December 06, 2009

Kinship, marriage, and the genetics of past human dispersals (Bentley et al. 2009)

Hum Biol. 2009 Apr;81(2-3):159-79

Kinship, marriage, and the genetics of past human dispersals.

Bentley RA, Layton RH, Tehrani J

Abstract The extent to which colonizing farmer populations have overwhelmed or "replaced" indigenous forager populations, as opposed to having intermarried with them, has been widely debated. Indigenous-colonist "admixture" is often represented in genetic models as a single parameter that, although parsimonious and simple, is incongruous with the sex-specific nature of mtDNA and Y-chromosome data.
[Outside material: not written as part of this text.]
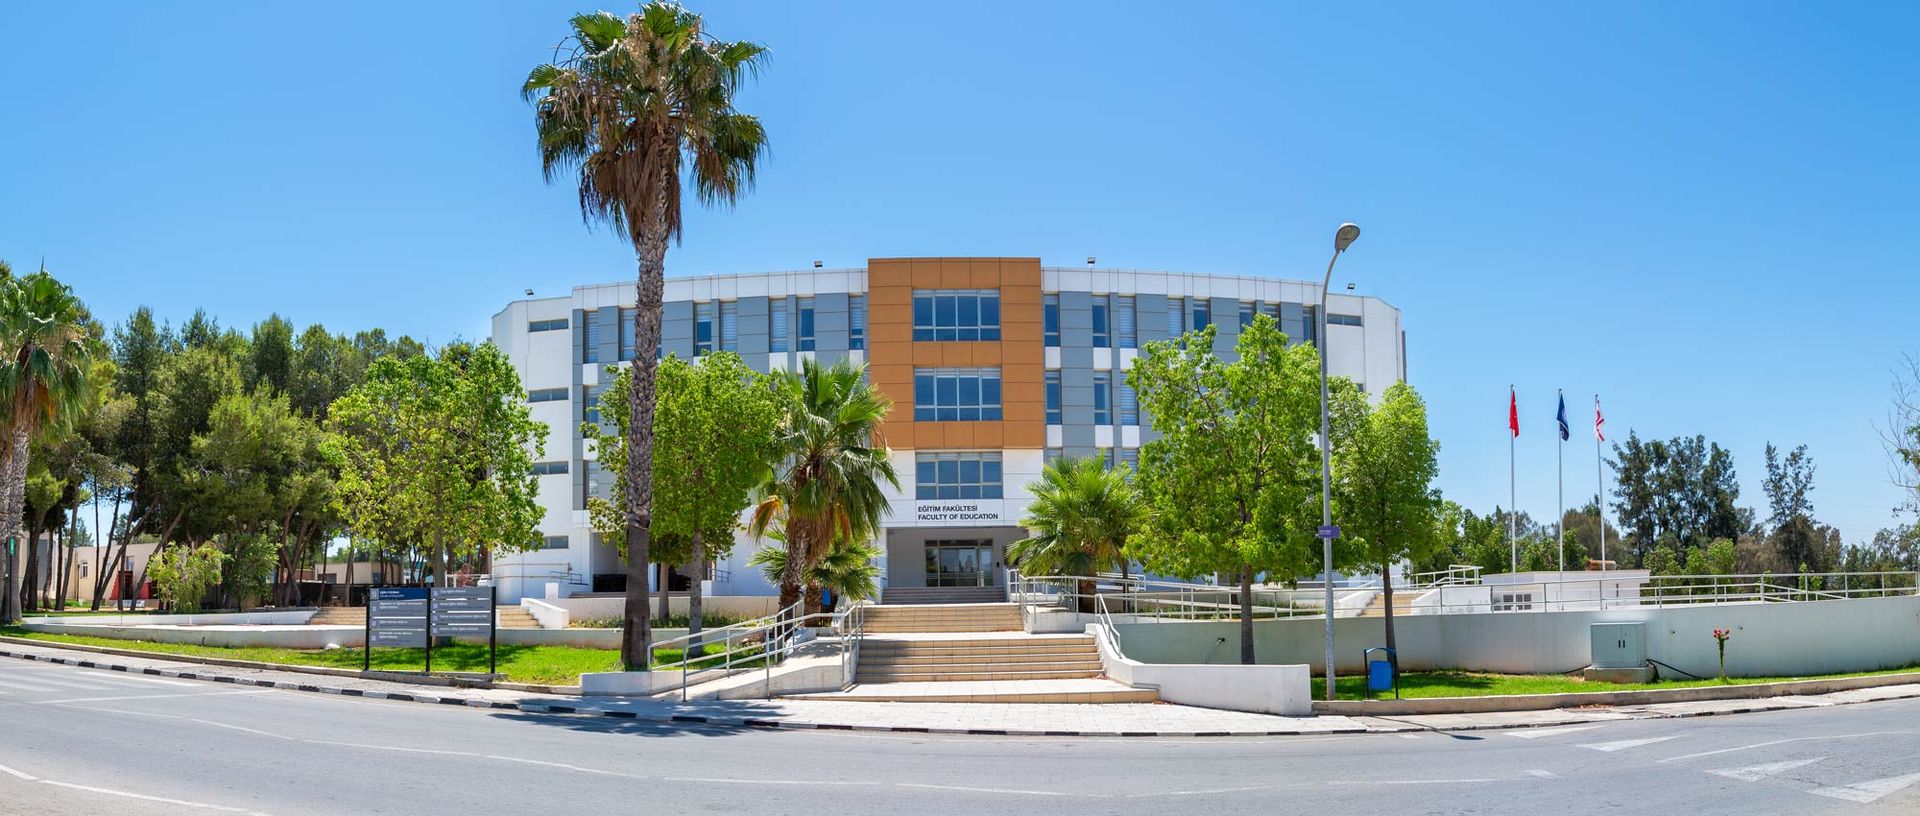 Faculty Of Education Eastern Mediterranean University Emu Cyprus

To help interpret genetic patterns, we can construct useful null hypotheses about the generalized migration history of females (mtDNA) as opposed to males (Y chromosome), which differ significantly in almost every ethnographically known society. We seek to integrate ethnographic knowledge into models that incorporate new social parameters for predicting geographic patterns in mtDNA and Y-chromosome distributions. We provide an example of a model simulation for the spread of agriculture in which this individual-scale evidence is used to refine the parameters.

Link

1 comment:

terryt said...

The comment that sruck me on first reading (nothing to do with the actual point of the article) is this:

"the generalized migration history of females (mtDNA) as opposed to males (Y chromosome), which differ significantly in almost every ethnographically known society".

Yet there are those who insist we should automatically assume that the ancestors of both the modern male and modern female haplogroups necessarily left Africa together.